In the second step, we used an in-house shell script to calculate the lengths of individual introns from the obtained data, the code is available in the Supplementary Information as Introns2.5 (SH Source File) or Supplementary Information S1 (Microsoft Excel File). Genes were sorted not by their names (symbols) but by Gene or Transcript Stable IDs. We calculated intron lengths in bp for genes on the Forward strand according to the formula {[Exon(n + 1)Start – Exon(n)End] – 1}; n are positive integers starting from 1. For genes on the Reverse strand, this formula was modified to {[Exon(n)Start – Exon(n + 1)End] – 1}. The script then created a table with the lengths of all introns for each protein-coding gene and searched for the position of the longest intron in the gene. In particular, we used AWK language to perform the following steps: 1) Calculate the lengths of the introns; 2) Extract Gene names if they were available; 3) Indicate the longest intron; 4) Calculate the relative position of the longest intron (the ratio of the position of the longest intron to the total number of introns in the given gene).
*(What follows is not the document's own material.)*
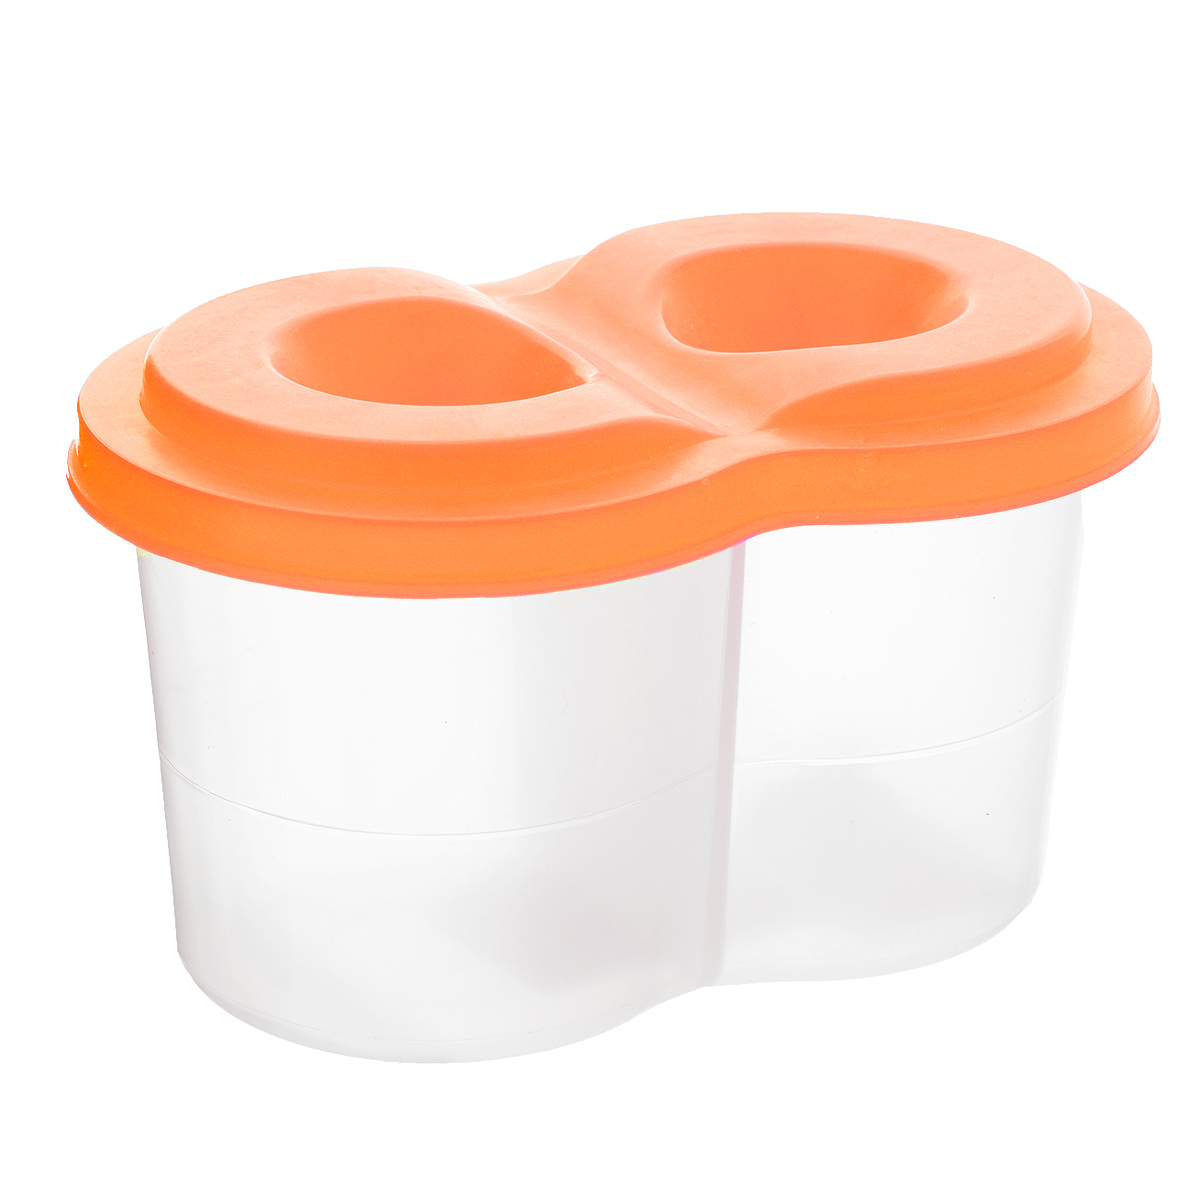 """Стакан-непроливайка """"Луч"""", двойной станет незаменимым атрибутом в процессе рисования детского шедевра. Стакан имеет два отделения для чистой и грязной воды, а также оснащен плотно прилегающей крышкой, на которой есть специальные отверстия для кисточек. Cтенка стакана оснащена специальной линией, которая указывает на максимально возможный уровень наполнения его водой."""

Then we used Bourne Again Shell (BASH) to create a matrix of Gene or Transcript Stable IDs versus the lengths of the introns in bp. The script can handle various delimiters and require an input file exported from Ensembl BioMart query with either Gene Stable ID or Transcript stable ID as the main unique identifier. The first seven columns in the file must be: (1) Gene stable ID, (2) Transcript stable ID, (3) Gene name, (4) Strand, (5) Exon rank in transcript, (6) Exon region start and (7) Exon region end. The primary data about length of introns obtained by this algorithm are stored for individual tested organisms in Supplementary Information Tables S2-9.

In case the gene contained several introns with the same longest value, the longest intron was chosen as the one that had the highest absolute position number, i.e., position furthest from the 5' end of the gene. In the genomes of tested vertebrates, this situation occurred only in less than 0.1% of genes, in nematode worm and arabidopsis in less than 1%. The list of genes for which this situation occurred is presented in Table S10.

Gene set enrichment analysis (GSEA)

Based on our previous work with the human genome and the knowledge that the distribution of the positions of the longest introns showed three peaks—at the beginning, middle and end of the gene, we divided all protein-coding genes of the studied organism into those containing less than three introns and which contain three or more introns [17]. We further divided genes with three or more introns into three subgroups according to the relative position of the longest intron (defined above). Thus, the position of the longest intron in the 1st tertile of all introns means that the relative ratio is in the interval (0;0.33]. Similarly, for the position of the longest intron in the 2nd tertile, it is in the interval (0.33;0.66], and for the 3rd tertile in (0.66;1]. In GSEA analyses, three subgroups of all protein-coding genes were compared from individual organisms; these input data for GSEA analyses can be obtained from Table S11.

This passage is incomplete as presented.